There is no cure or disease-modifying treatment currently available for Parkinson’s disease (PD). Current treatment strategies are focused on the management and reduction of the major symptoms of the disease and related disabilities, with treatment becoming less effective over time as the disease progresses. The standard of care regimen for the symptomatic treatment of PD is levodopa, which was the first drug approved specifically for PD nearly 50 years ago. Levodopa is mostly administered orally in combination with a peripheral dopamine decarboxylase inhibitor, usually carbidopa, in order to increase the amount of levodopa that enters the brain, and to decrease the frequency of dopamine-related side effects (namely, nausea, dizziness, and orthostatic hypotension). Levodopa improves motor function as long as it produces dopamine levels in the brain that remain within an individual’s therapeutic range. Carbidopa/levodopa is initially given three times a day, but its frequency of administration increases as the disease progresses. Carbidopa/levodopa must be started at the lowest dose and titrated slowly with changes on a weekly basis in order to lessen the occurrence of dopamine-related adverse events (AE’s).1
Levodopa, however, has several limitations relating to its half-life, oral delivery and the motor dysfunction in PD patients:
- Levodopa has a short half-life, which decreases as the disease progresses, resulting in the need for higher and more frequent dosing;
- Levodopa must be actively absorbed, or transported, through the gastrointestinal tract into the bloodstream. The ability of levodopa to reach its specific absorption site is dependent on its ability to move reliably through the gastrointestinal tract. PD patients have slowed gastric motility and erratic emptying resulting in fluctuating and unpredictable levels of levodopa in the bloodstream; and
- Gastrointestinal transport is also frequently slowed by meals, decreasing the amount of levodopa that can be absorbed when it is given orally near mealtime. Additionally, in the specific portion of the gastrointestinal tract where this transport occurs, levodopa competes with food (specifically amino acids in food) for active transport.

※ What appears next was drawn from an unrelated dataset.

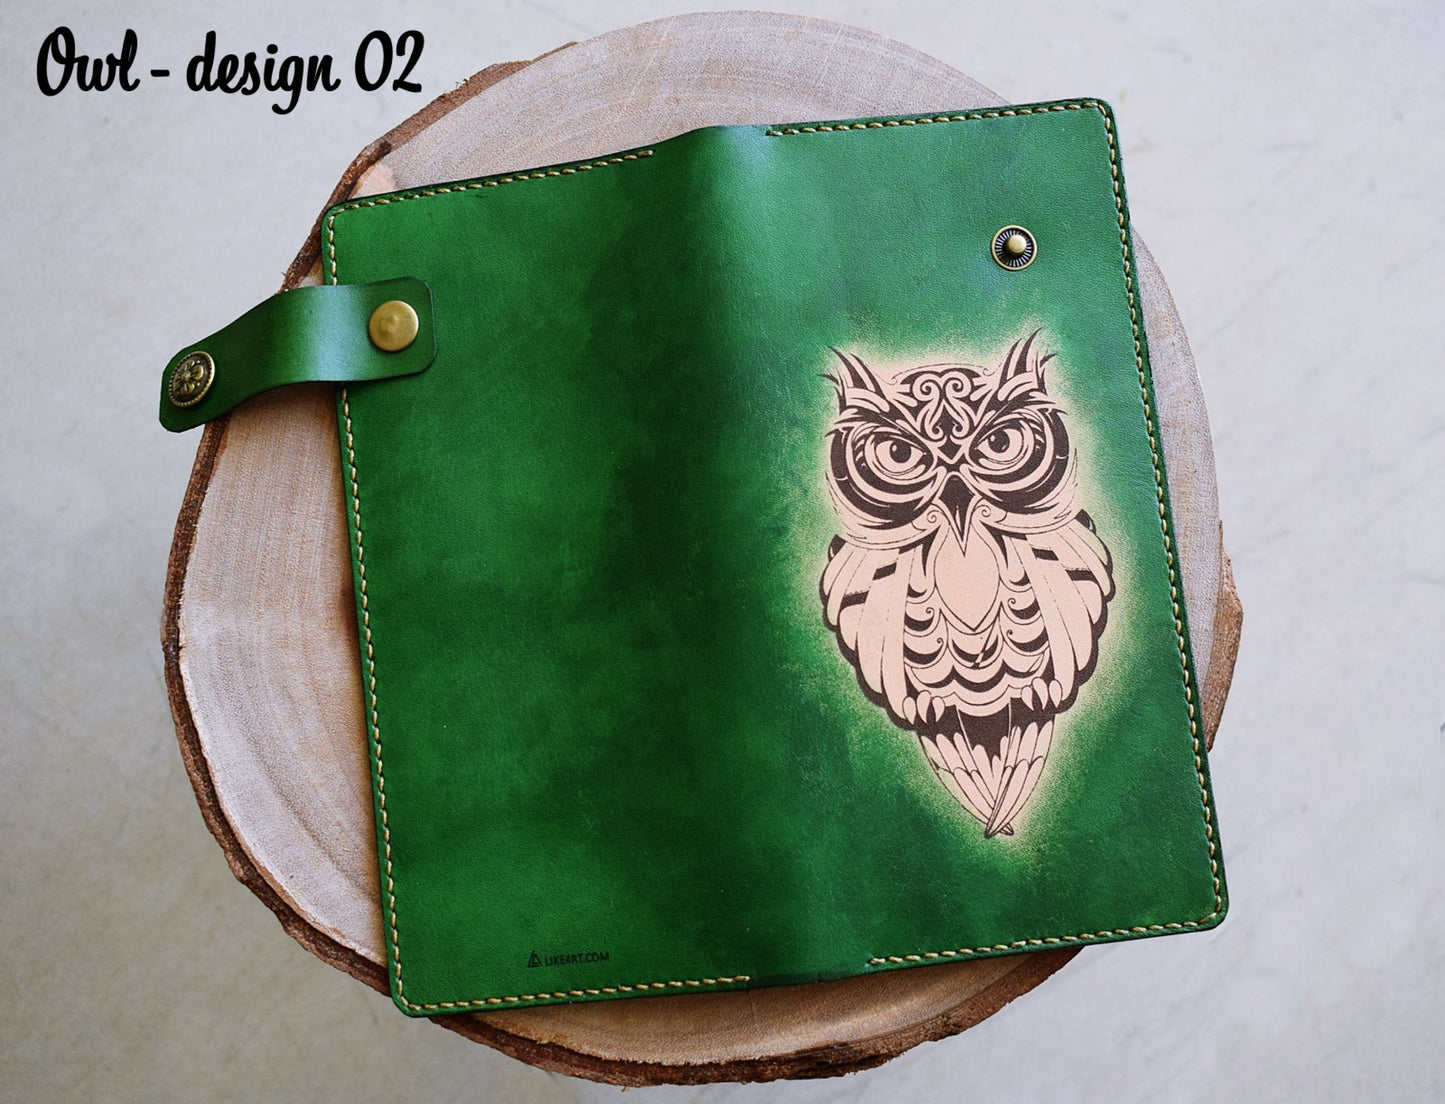 Personalized leather handmade women's Owl long wallet, gifts for her, Mothers Day anniversary gift

As a result of these challenges, patients are unable to predictably and reliably count on existing medications or therapies to keep themselves in their therapeutic range and to treat their PD symptoms. Despite efforts by physicians to continually optimize and individualize patients’ regimens, the unreliability of oral levodopa results in episodes of unexpected and often rapid return of PD symptoms. The re-emergence of PD symptoms is referred to as an OFF episode. OFF episodes are thought to occur when brain dopamine levels fall below a critical threshold to sustain relatively normal motor function, or ON. It can be a period of time when a patient’s PD medication is not working adequately to alleviate the patient’s PD symptoms, when the medication has a delayed effect, or does not work at all. On the other hand, excessive levels of dopamine in the brain can cause dyskinesias, or extra, involuntary movements. As the graphic below depicts, as the disease progresses, a PD patient’s therapeutic window narrows and levodopa becomes less effective resulting in increased severity and duration of OFF episodes and ON time with dyskinesia.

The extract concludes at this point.